The Mid-December 2007 North American winter storms were a series of two winter storms that affected much of central and eastern North America, from December 8 to 18, 2007. The systems affected areas from Oklahoma to Newfoundland and Labrador with freezing rain, thunderstorms, sleet, snow, damaging winds, and blizzard-like conditions in various areas. The first two storms produced copious amounts of ice across the Midwestern United States and Great Plains from December 8 to 11, knocking out power to approximately 1.5 million customers from Oklahoma north to Iowa. The second storm moved northeast, producing heavy snow across New York and New England. A third storm was responsible for a major winter storm from Kansas to the Canadian Maritimes, bringing locally record-breaking snowfalls to Ontario, an icestorm across the Appalachians, and thunderstorms and 9 tornadoes to the Southeastern United States.

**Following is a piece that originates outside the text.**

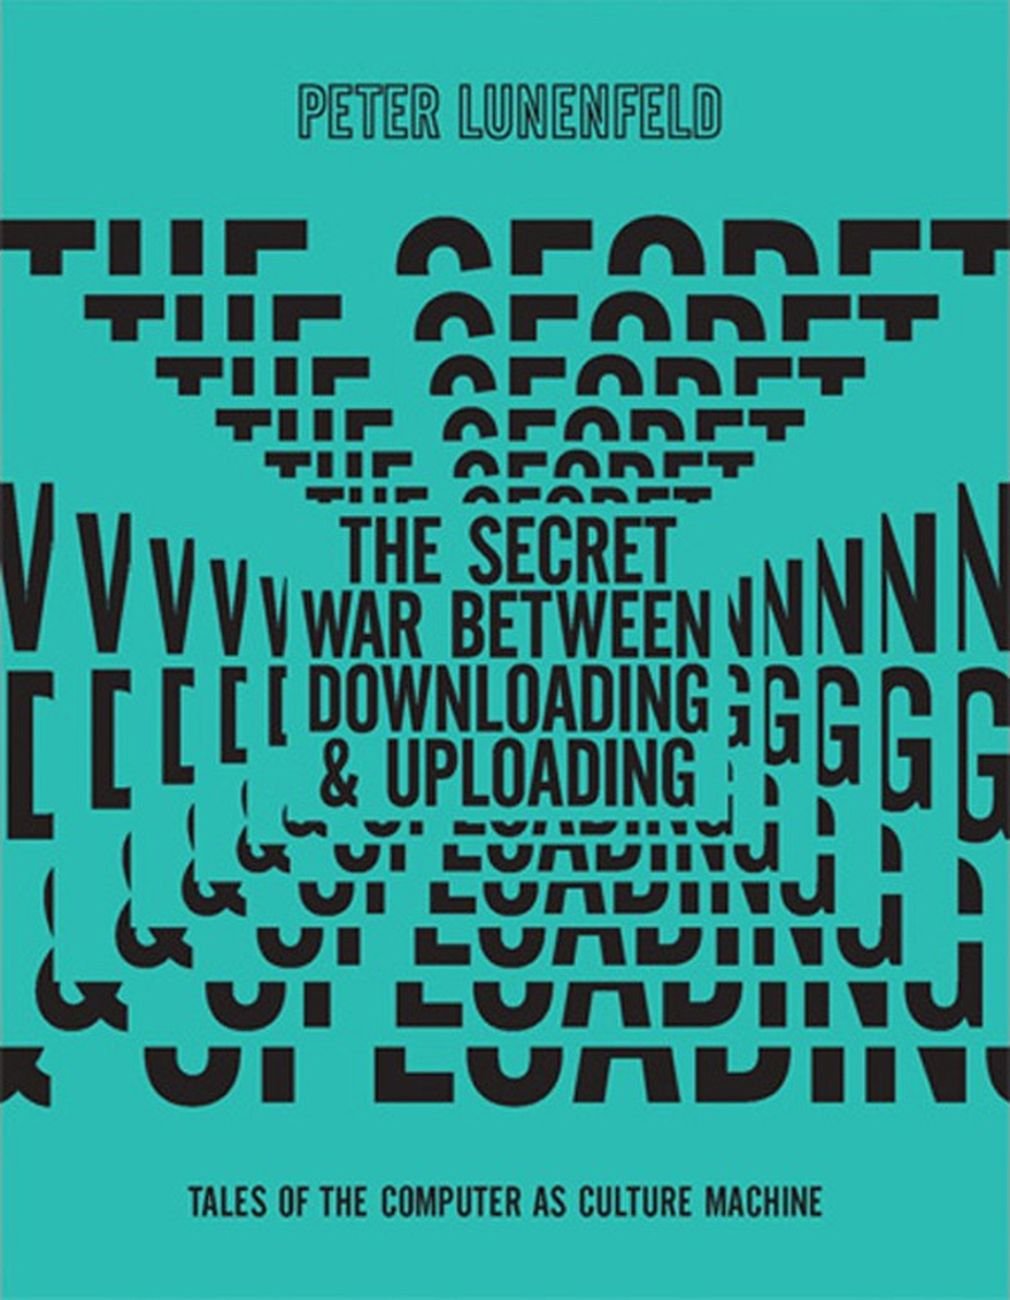 Peter Lunenfeld, The Secret War Between Download and Uploading. Tales of the Computer as Culture Machine (The MIT Press, 2011)

The ice storms were responsible for at least 22 deaths across three states. At least 25 additional deaths were blamed on the December 15–16 Midwest and Eastern snowstorm, and its aftermath across six US States and three Canadian provinces; 1 additional death was caused by the severe weather outbreak in the Southeast.

==Meteorological synopsis==
Much of the affected areas were already hit by a significant winter storm during the weekend of December 1 and 2. Many areas had received close to three-quarters of an inch of ice from Nebraska to Illinois, causing tens of thousands of power outages and at least 16 deaths across nine states and the Canadian province of Quebec, the latter receiving a major snow storm.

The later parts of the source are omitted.